DATASET CONTENT.
○ ○ ○ ○ ○ ○ ○
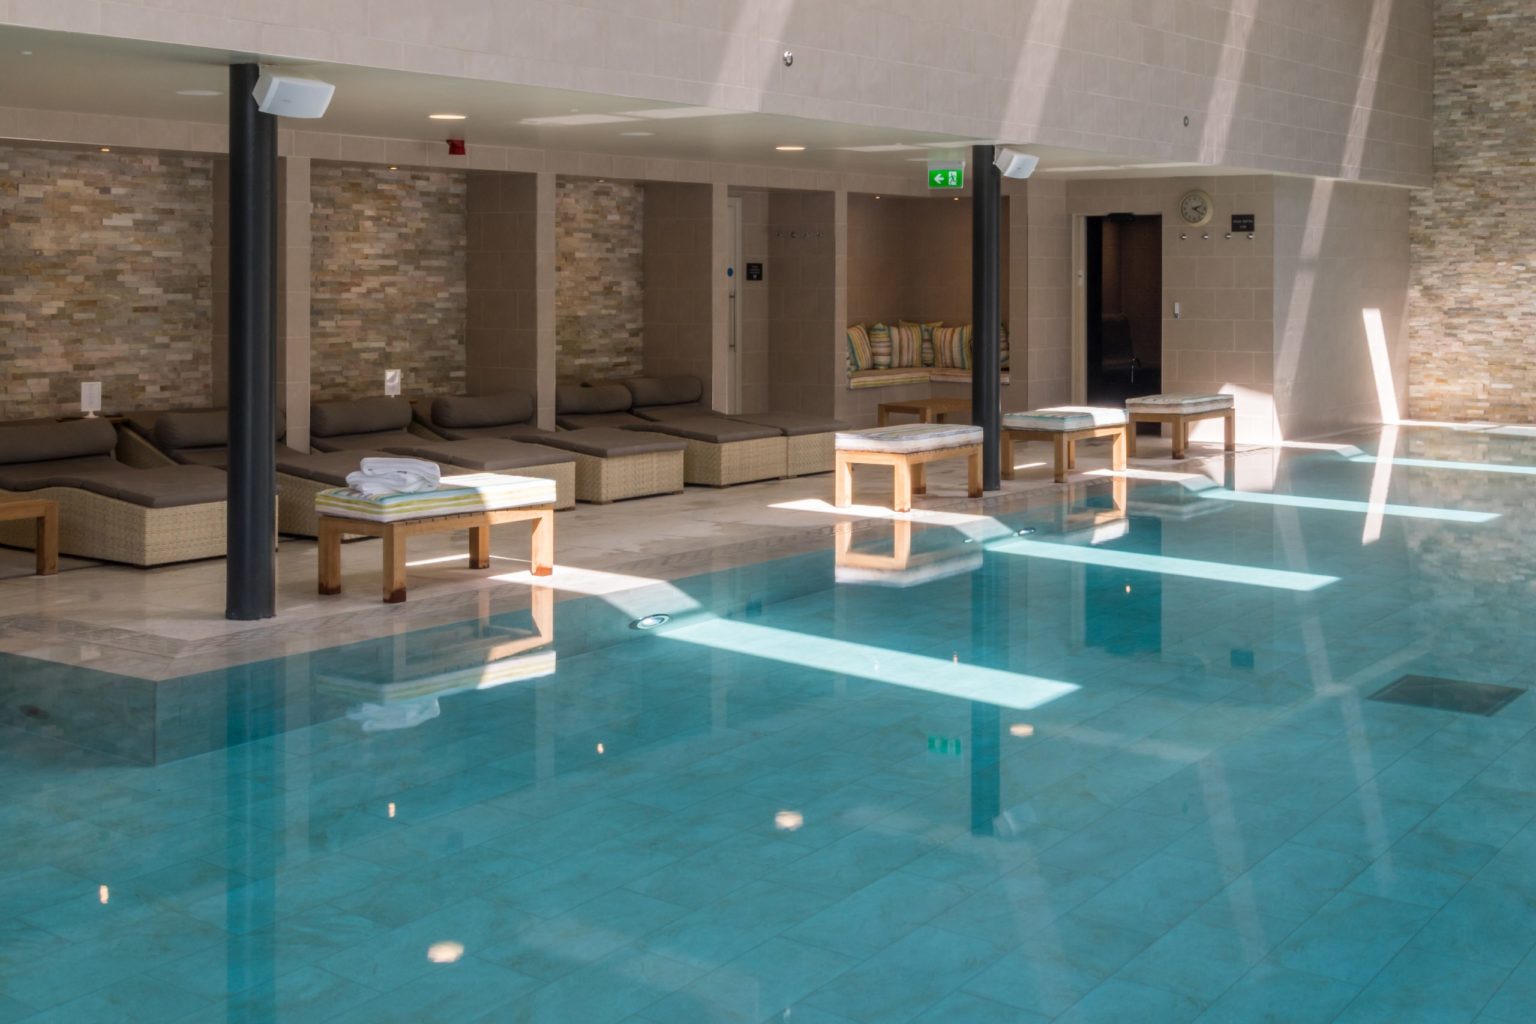 The poolside of the indoor swimming pool at Swinton Country Club in North Yorkshire
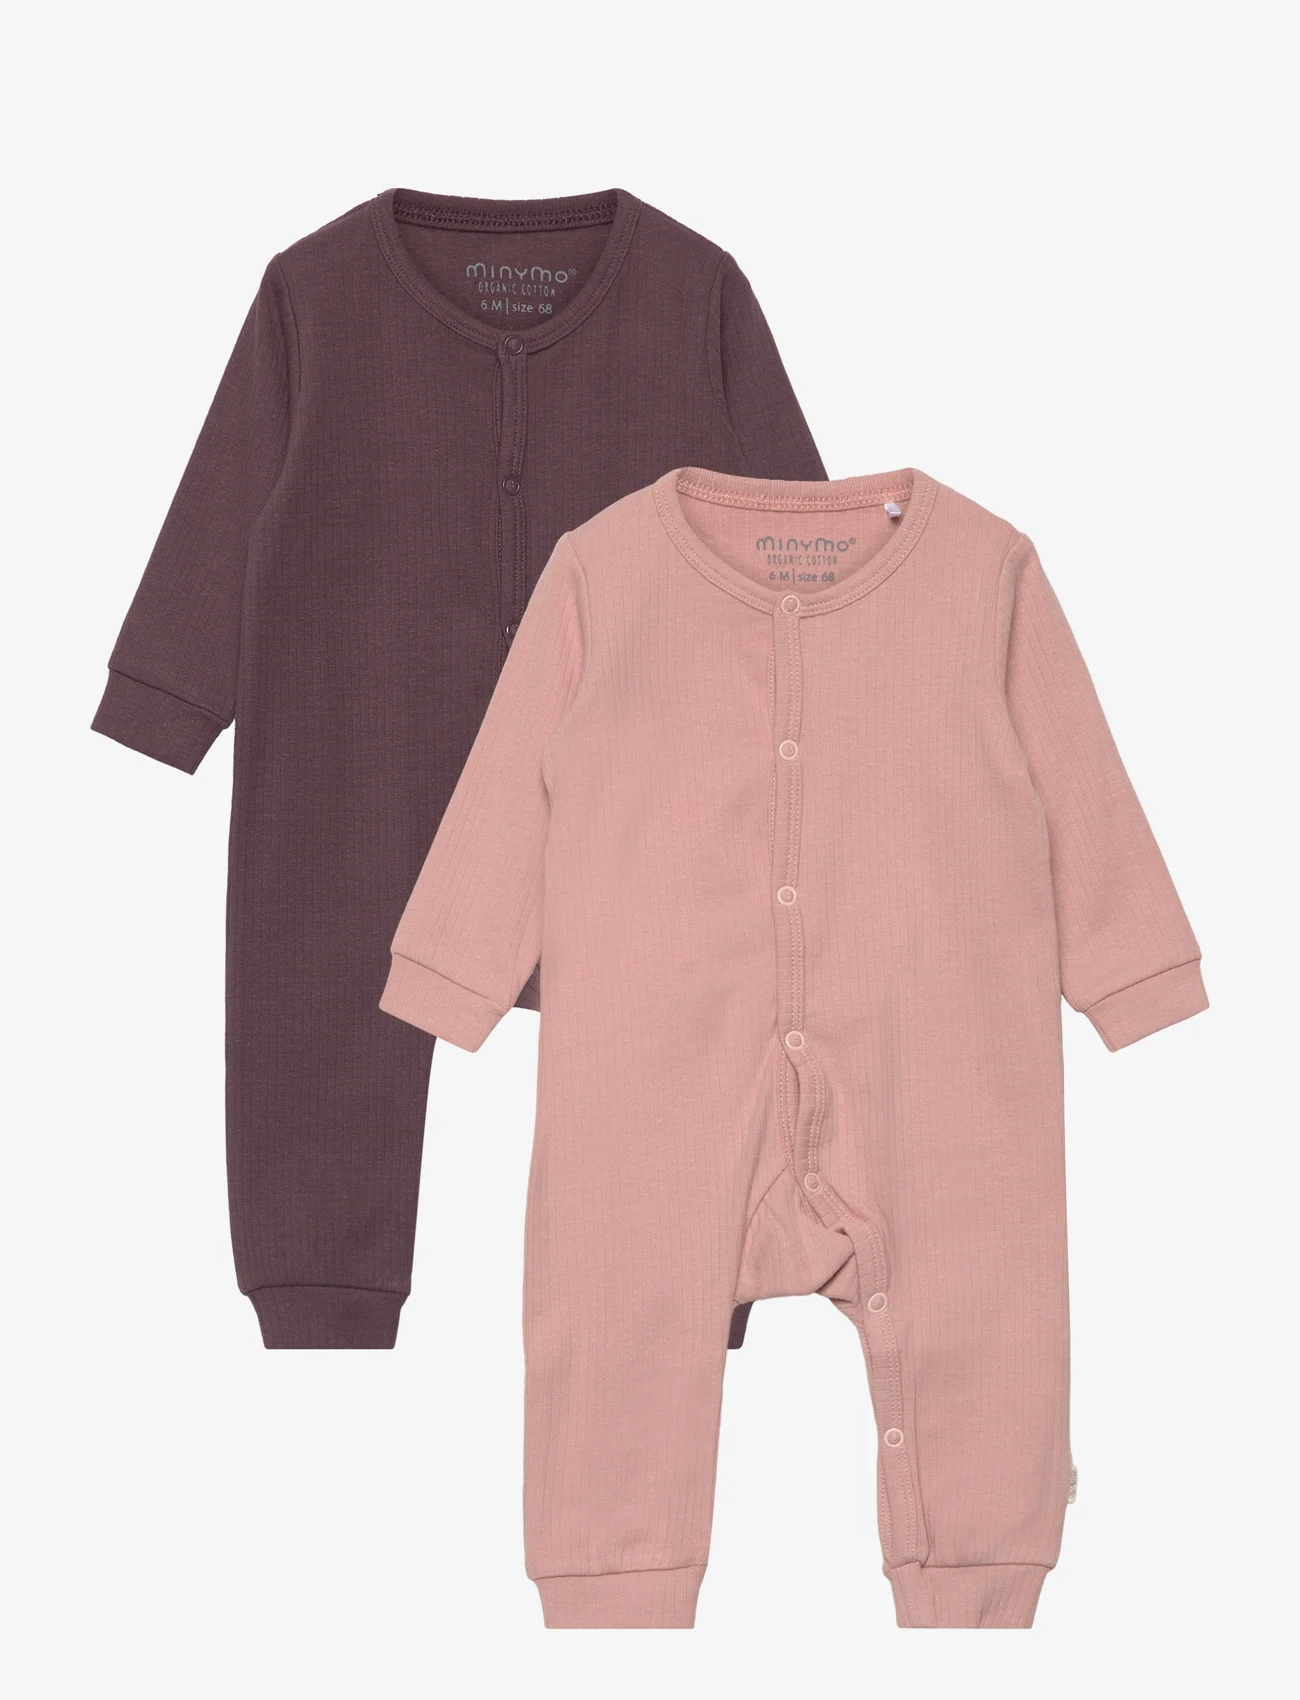 Minymo - Jumpsuit LS (2-pack) - long-sleeved - misty rose - 0
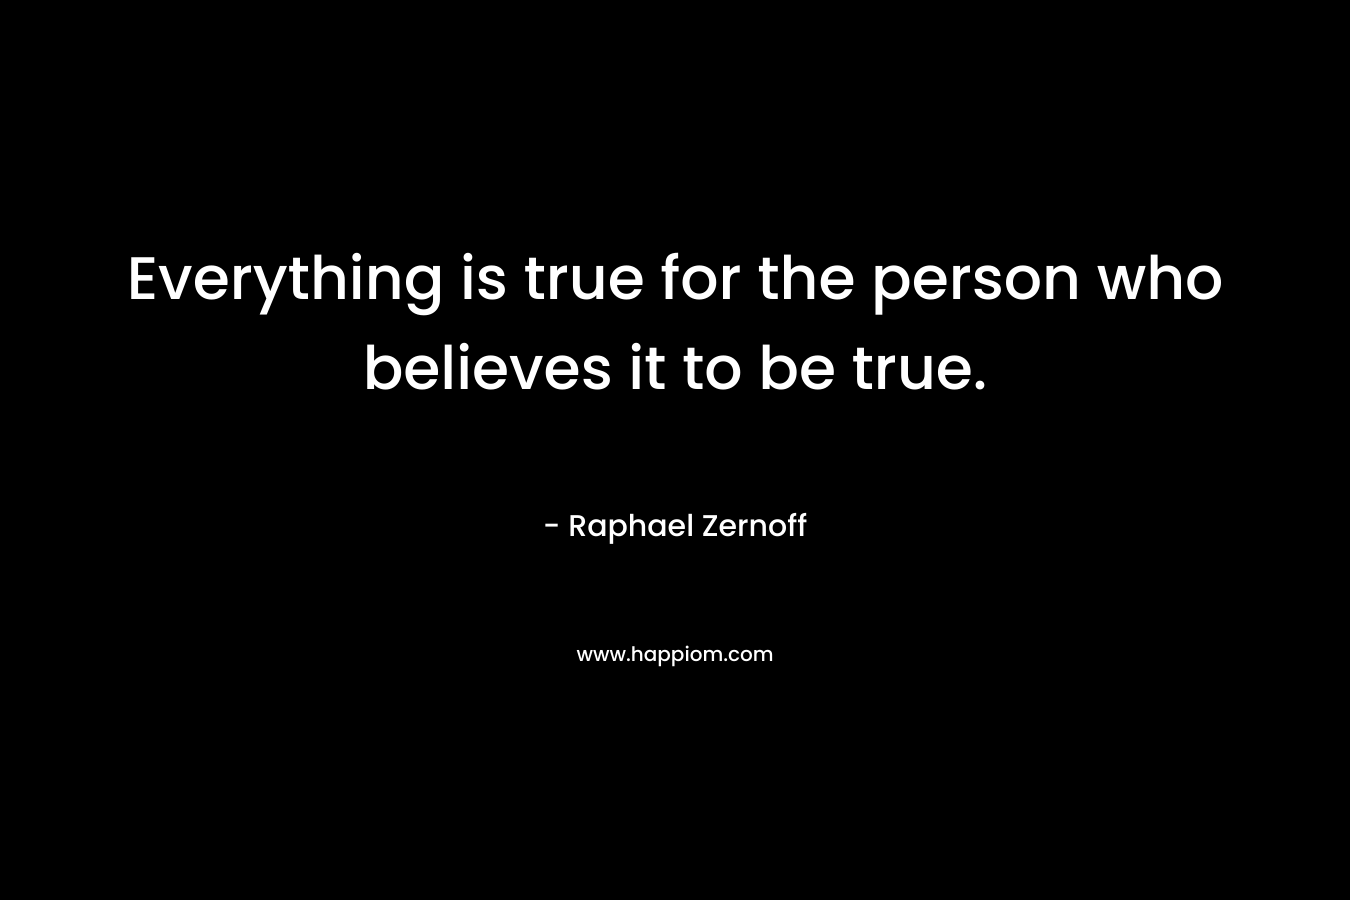 Everything is true for the person who believes it to be true. – Raphael Zernoff
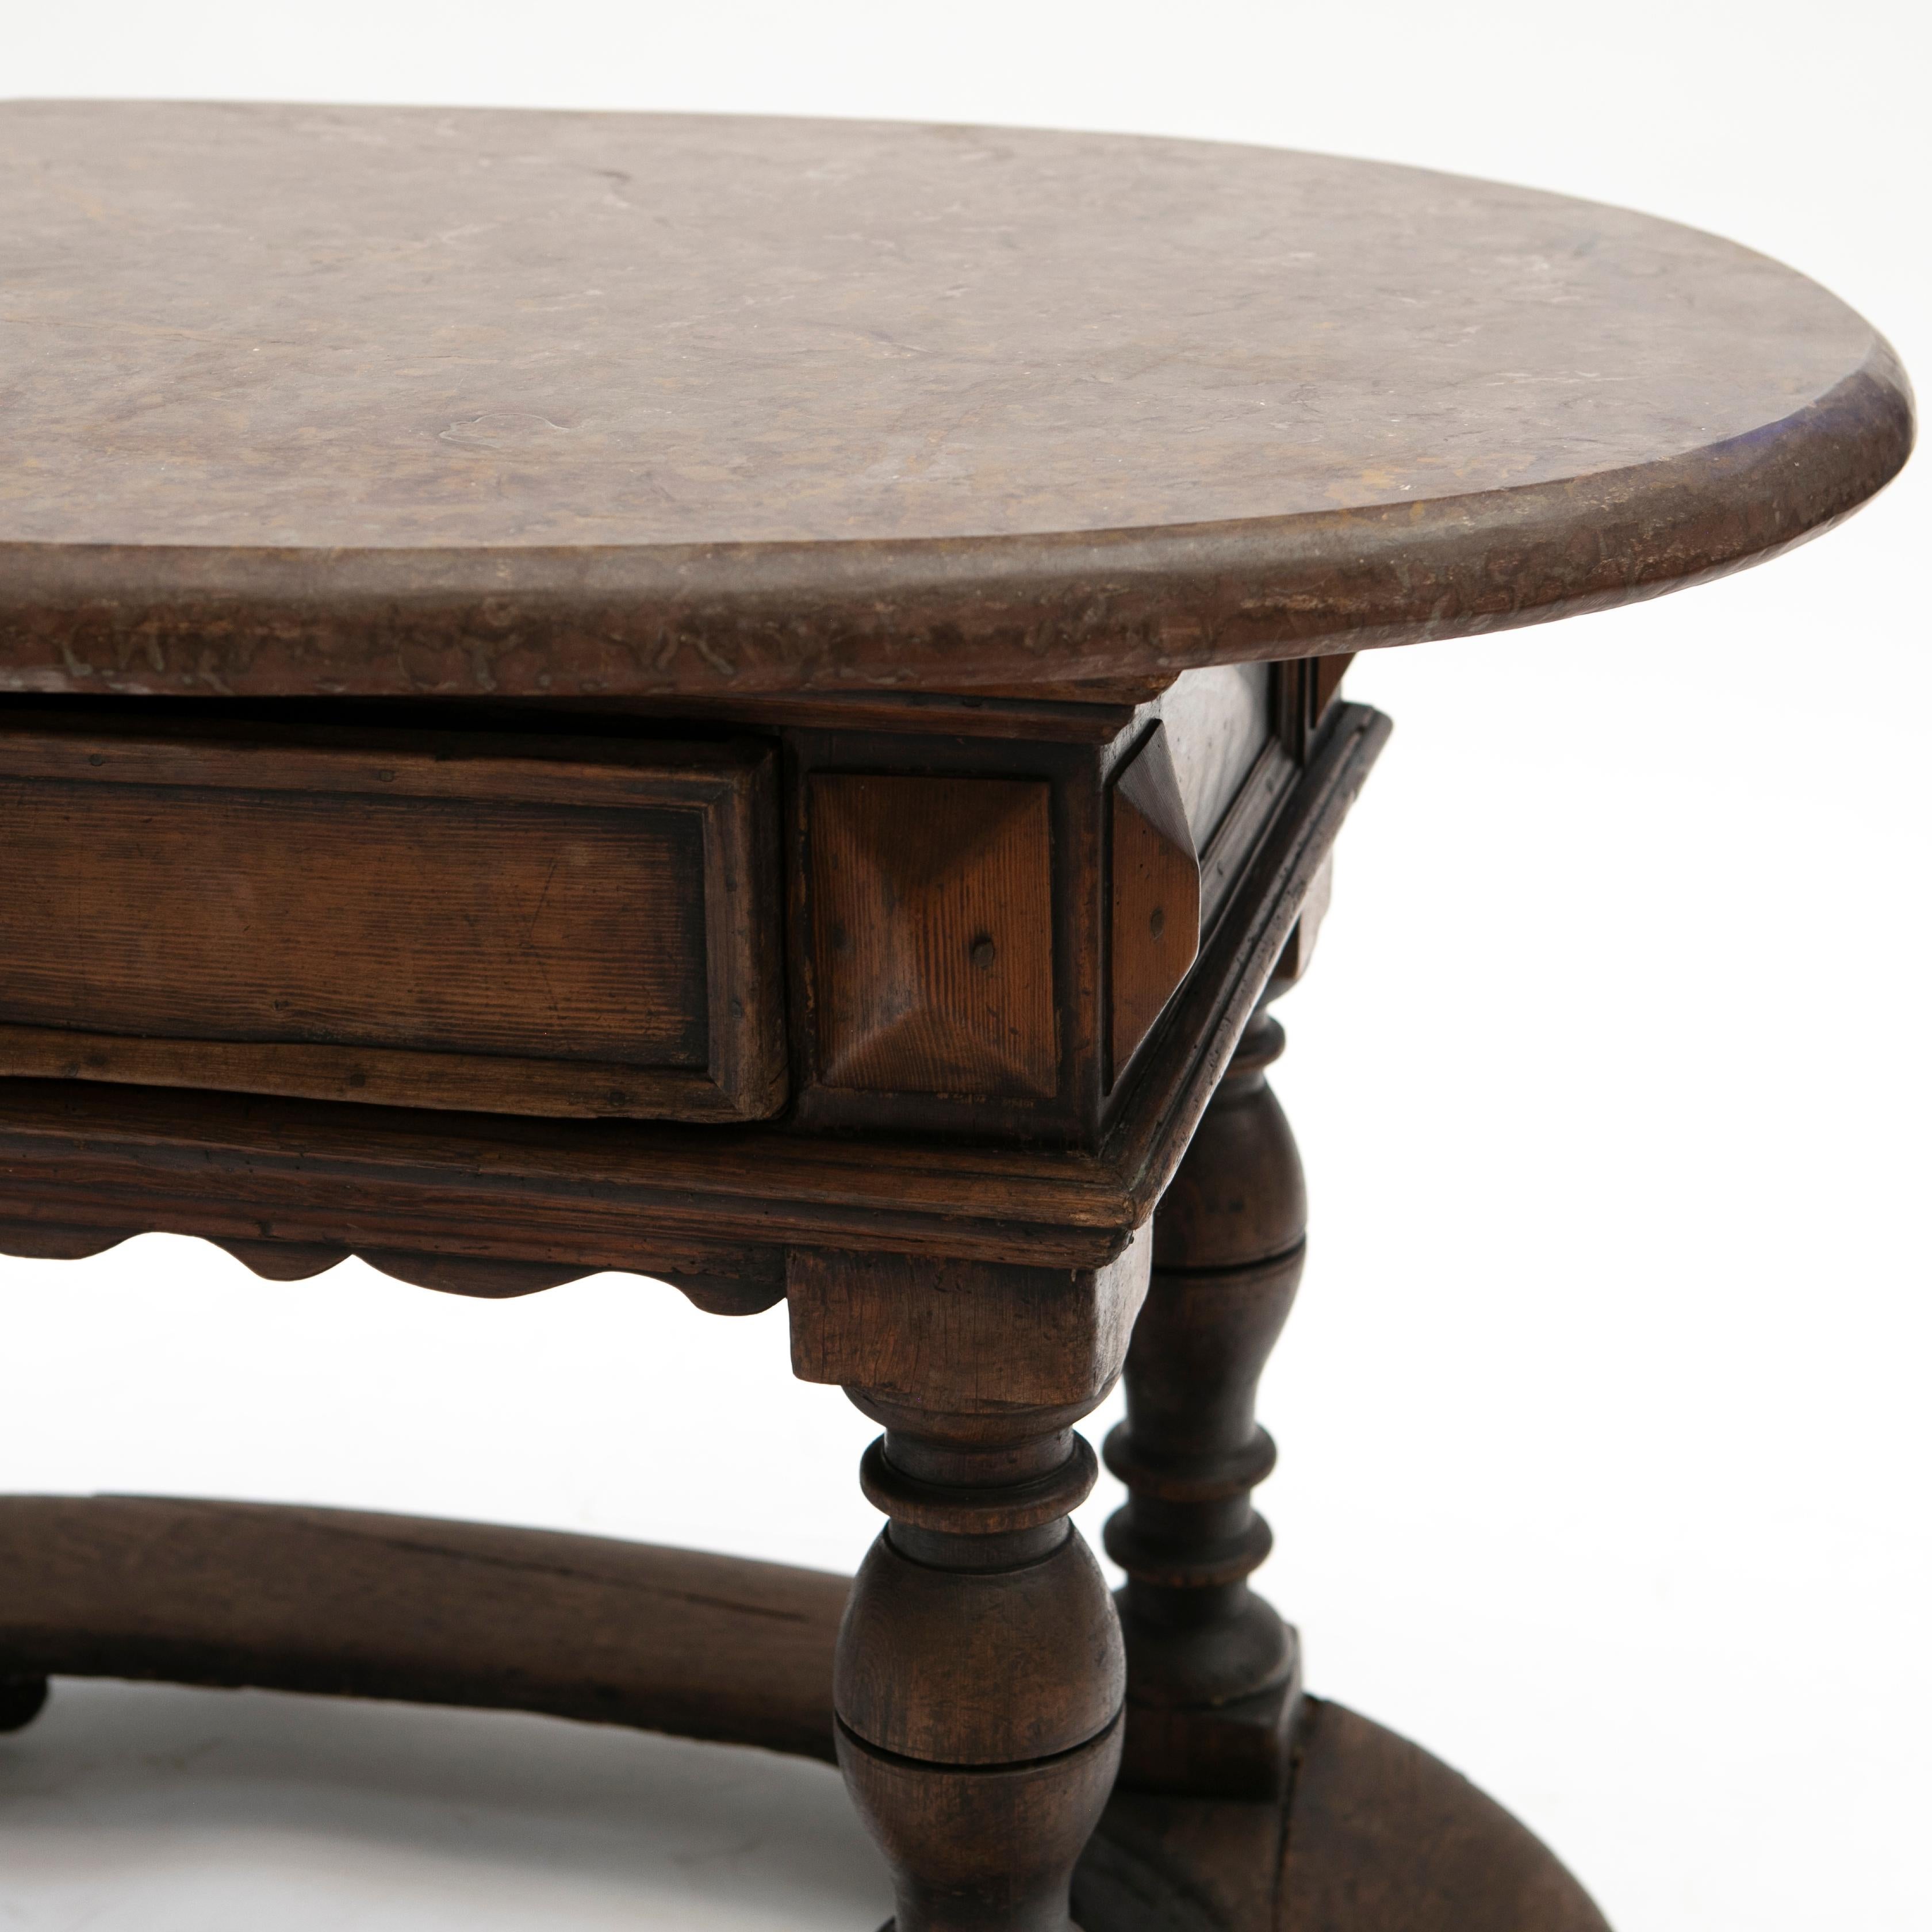 Swedish Baroque Table Oak with Fossil Limestone Top In Good Condition For Sale In Kastrup, DK
○ ○ ○ ○ ○ ○ ○
THE TASK. Without changing a word, restate the listing above; the pictures stay out.

SOLUTION FOR THIS TASK.
 The poolside of the indoor swimming pool at Swinton Country Club in North Yorkshire
 Minymo - Jumpsuit LS (2-pack) - long-sleeved - misty rose - 0
 Everything is true for the person who believes it to be true. – Raphael Zernoff
 Swedish Baroque Table Oak with Fossil Limestone Top In Good Condition For Sale In Kastrup, DK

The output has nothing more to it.